NODE_FIELDS = ['id', 'lat', 'lon', 'user', 'uid', 'version',
               'changeset', 'timestamp']
NODE_TAGS_FIELDS = ['id', 'key', 'value', 'type']
WAY_FIELDS = ['id', 'user', 'uid', 'version', 'changeset', 'timestamp']
WAY_TAGS_FIELDS = ['id', 'key', 'value', 'type']
WAY_NODES_FIELDS = ['id', 'node_id', 'position']



In [53]:
# Main function for transformation of XML data to Python dict
def shape_element(element, node_attr_fields=NODE_FIELDS,
                  way_attr_fields=WAY_FIELDS, prob_ch=PROBLEMCH,
                  default_tag_type='regular'):
    tag_attribs = {}
    way_nodes = []
    tags = []
    count = 0
    if element.tag == 'node':
        tagfields = node_attr_fields
    elif element.tag == 'way':
        tagfields = way_attr_fields

    if element.tag == 'node' or 'way':
        for attrib in element.attrib:
            if attrib in tagfields:
                tag_attribs[attrib] = element.attrib[attrib]
    for subelem in element:
        if subelem.tag == 'tag' and prob_ch.match(subelem.attrib['k']) == None:
            tag = {}
            tag['id'] = tag_attribs['id']
            tag['value'] = subelem.attrib['v']
            key = subelem.attrib['k']
            tag['key'] = key[key.find(':') + 1:]
            if ':' in key:
                tag['type'] = key[:key.find(':')]
            else:
                tag['type'] = default_tag_type
            tags.append(tag)
        elif subelem.tag == 'nd':
            way_node = {}
            way_node['id'] = tag_attribs['id']
            way_node['node_id'] = subelem.attrib['ref']
            way_node['position'] = count
            count += 1
            way_nodes.append(way_node)

    if element.tag == 'node':
        return {'node': tag_attribs, 'node_tags': tags}
    elif element.tag == 'way':
        return {'way': tag_attribs, 'way_nodes': way_nodes, 'way_tags': tags}



In [54]:
# We're validating element to match schema. This function validate every element to match the schema.

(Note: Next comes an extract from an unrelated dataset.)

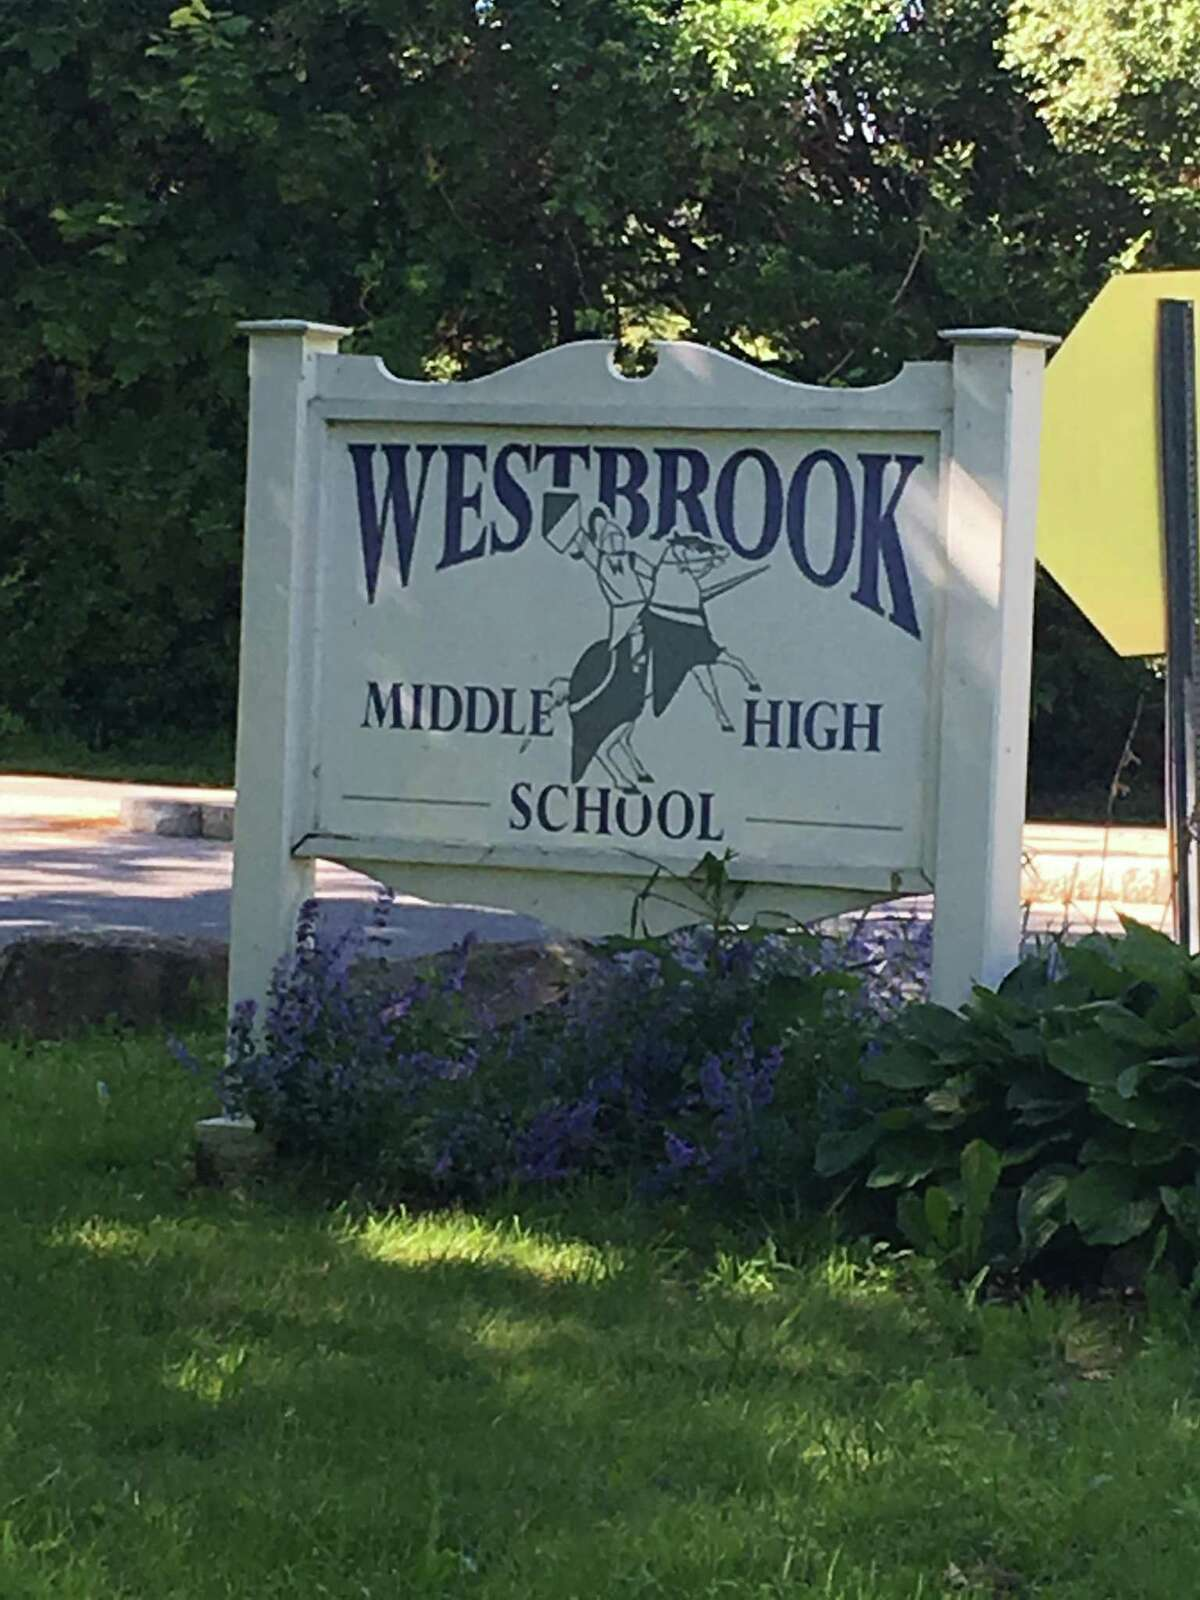 Westbrook High School

def validate_element(element, validator, schema=SCHEMA):
    """Raise ValidationError if element does not match schema"""
    if validator.validate(element, schema) is not True:
        field, errors = next(validator.errors.iteritems())
        message_string = "\nElement of type '{0}' has the following errors:\n{1}"
        error_strings = (
            "{0}: {1}".format(k, v if isinstance(v, str) else ", ".join(v))
            for k, v in errors.iteritems()
        )
        raise cerberus.ValidationError(
            message_string.format(field, "\n".join(error_strings))
        )




In [55]:
# Extend csv.DictWriter to handle Unicode input

class UnicodeDictWriter(csv.DictWriter, object):
    def writerow(self, row):
        super(UnicodeDictWriter, self).writerow({
                                                    k: (v.encode('utf-8') if isinstance(v, unicode) else v) for k, v in
                                                    row.iteritems()
                                                    })

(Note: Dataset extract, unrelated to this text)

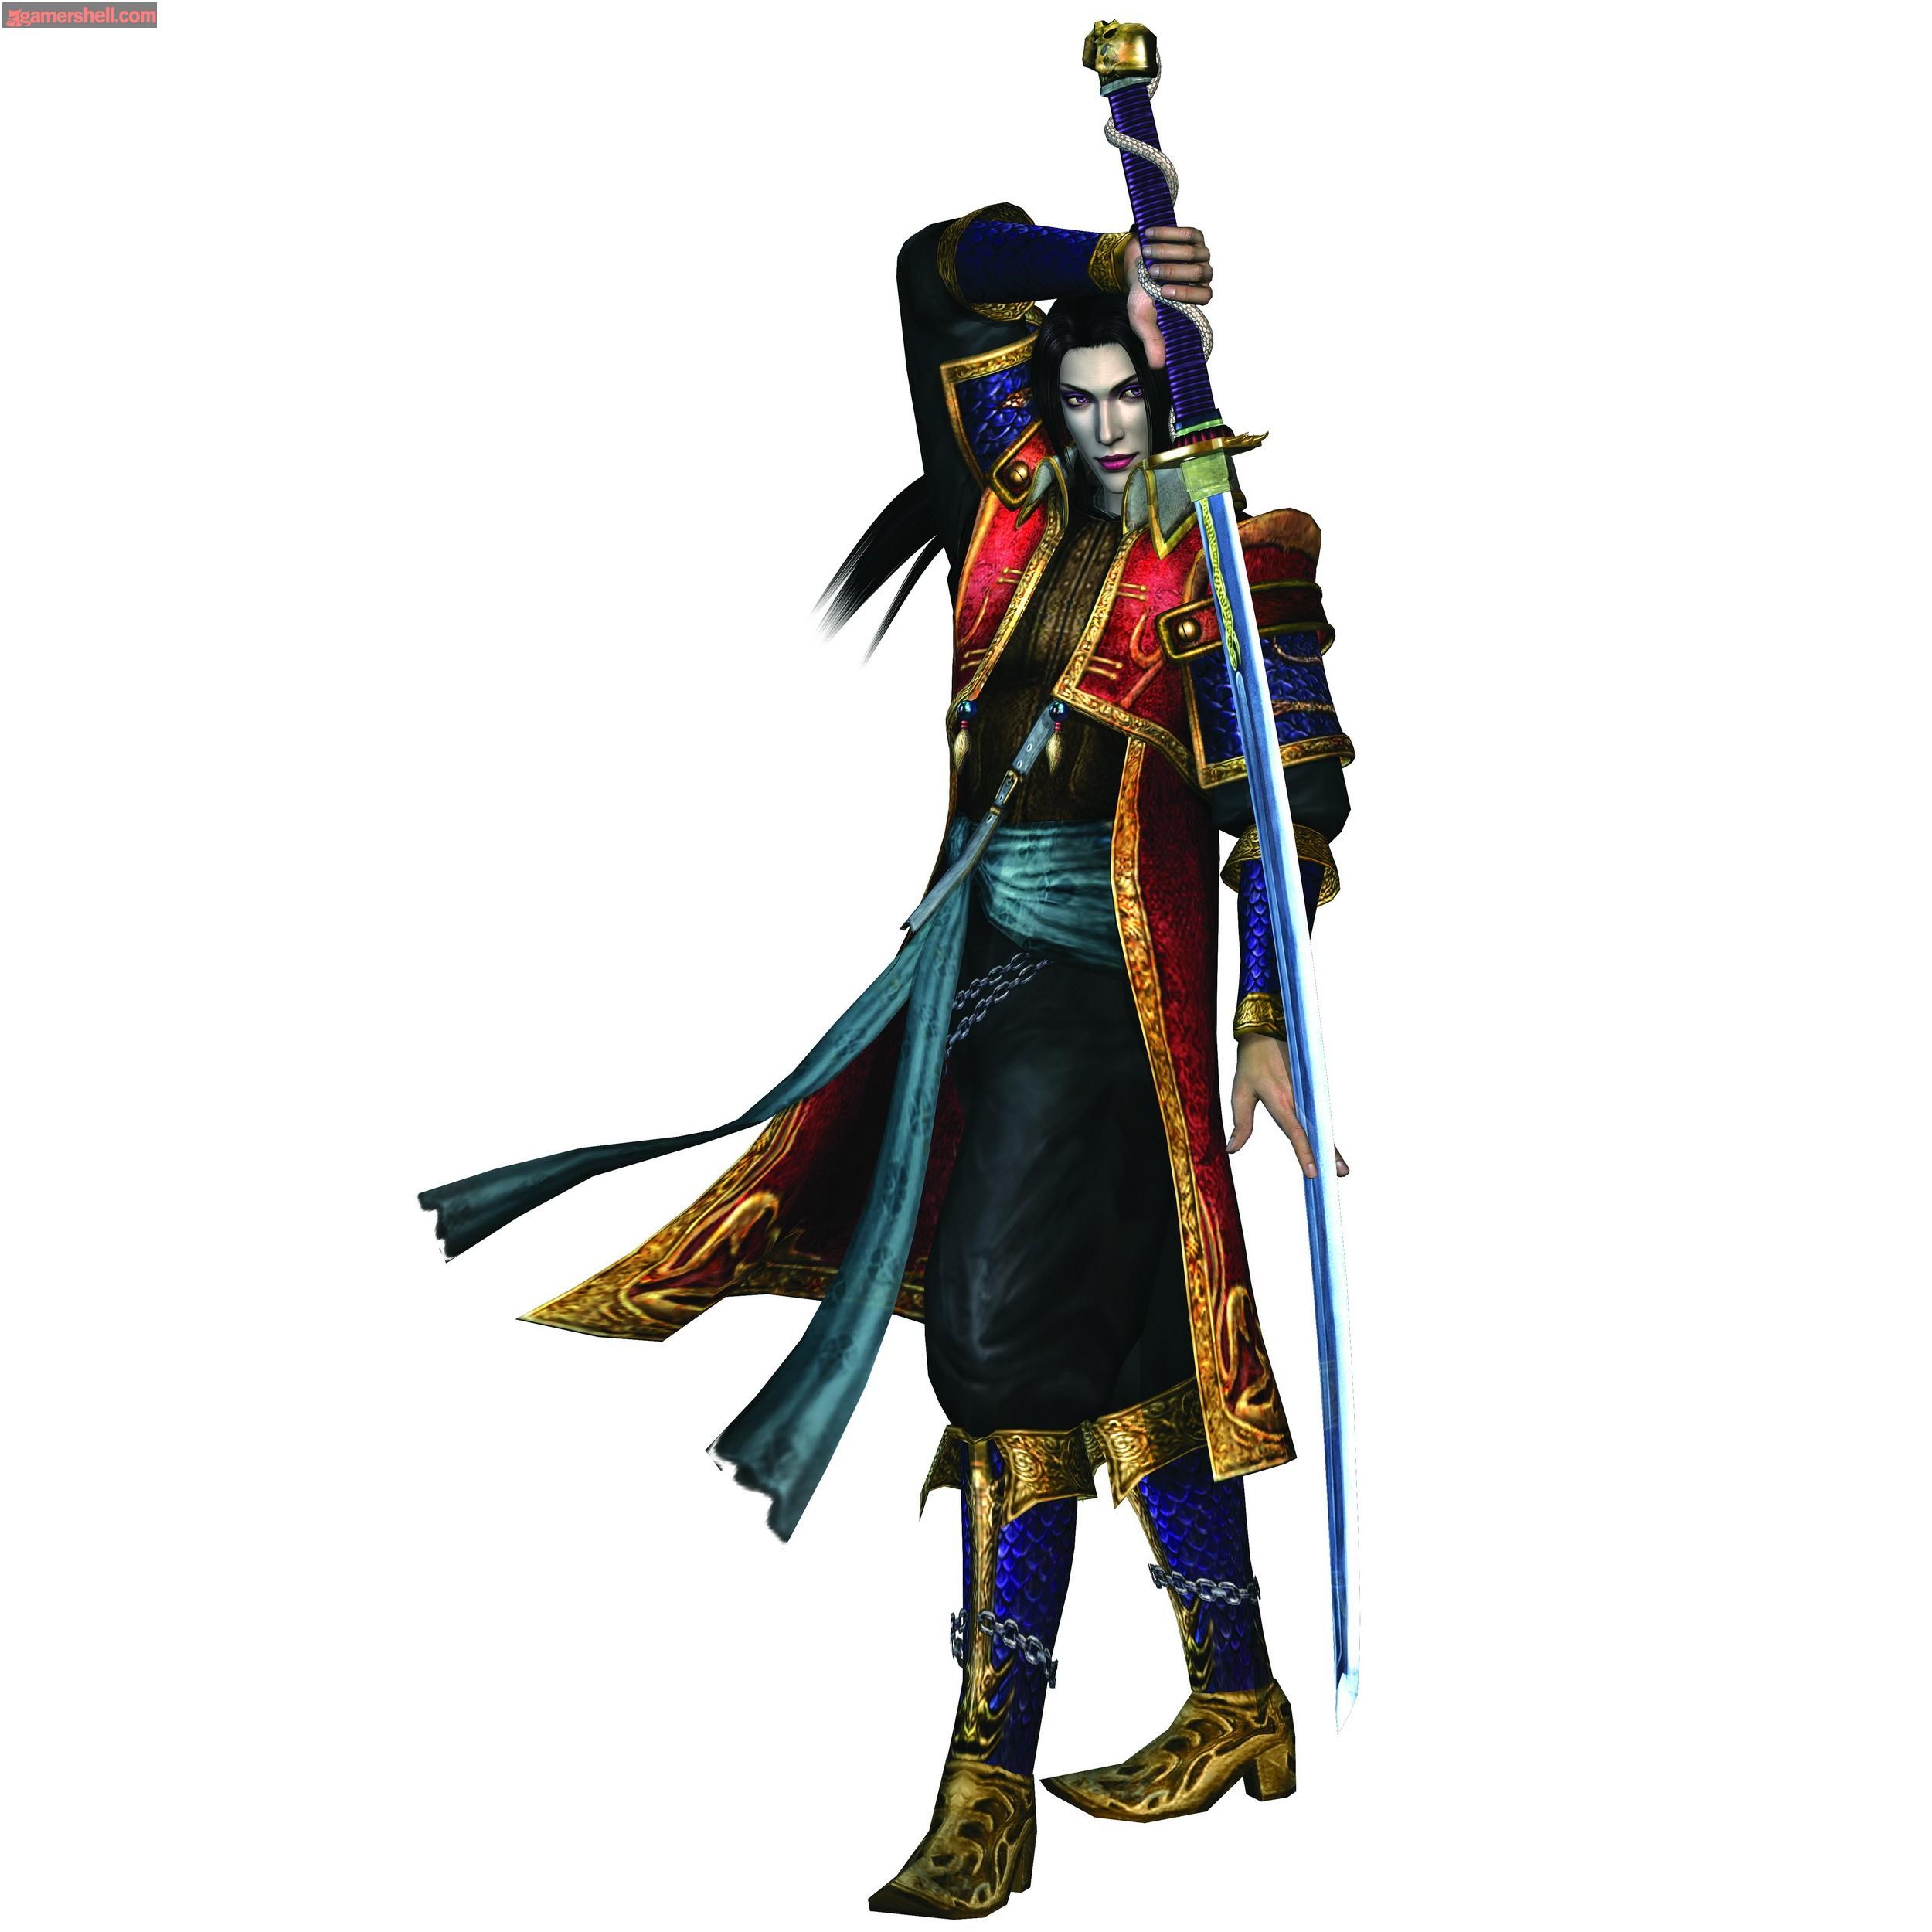 Warriors Orochi 3 Character List: FemaleCelebrity

    def writerows(self, rows):
        for row in rows:
            self.writerow(row)



In [56]:
# Main function processing osm file to 5 csv files. This function takes the osm file result and produces
# the csv files as final results
def process_map(file_in, validate):
    """Iteratively process each XML element and write to csv(s)"""

    with codecs.open(NODES_PATH, 'w') as nodes_file, \
            codecs.open(NODE_TAGS_PATH, 'w') as nodes_tags_file, \
            codecs.open(WAYS_PATH, 'w') as ways_file, \
            codecs.open(WAY_NODES_PATH, 'w') as way_nodes_file, \
            codecs.open(WAY_TAGS_PATH, 'w') as way_tags_file:

        nodes_writer = UnicodeDictWriter(nodes_file, NODE_FIELDS)
        node_tags_writer = UnicodeDictWriter(nodes_tags_file, NODE_TAGS_FIELDS)
        ways_writer = UnicodeDictWriter(ways_file, WAY_FIELDS)
        way_nodes_writer = UnicodeDictWriter(way_nodes_file, WAY_NODES_FIELDS)
        way_tags_writer = UnicodeDictWriter(way_tags_file, WAY_TAGS_FIELDS)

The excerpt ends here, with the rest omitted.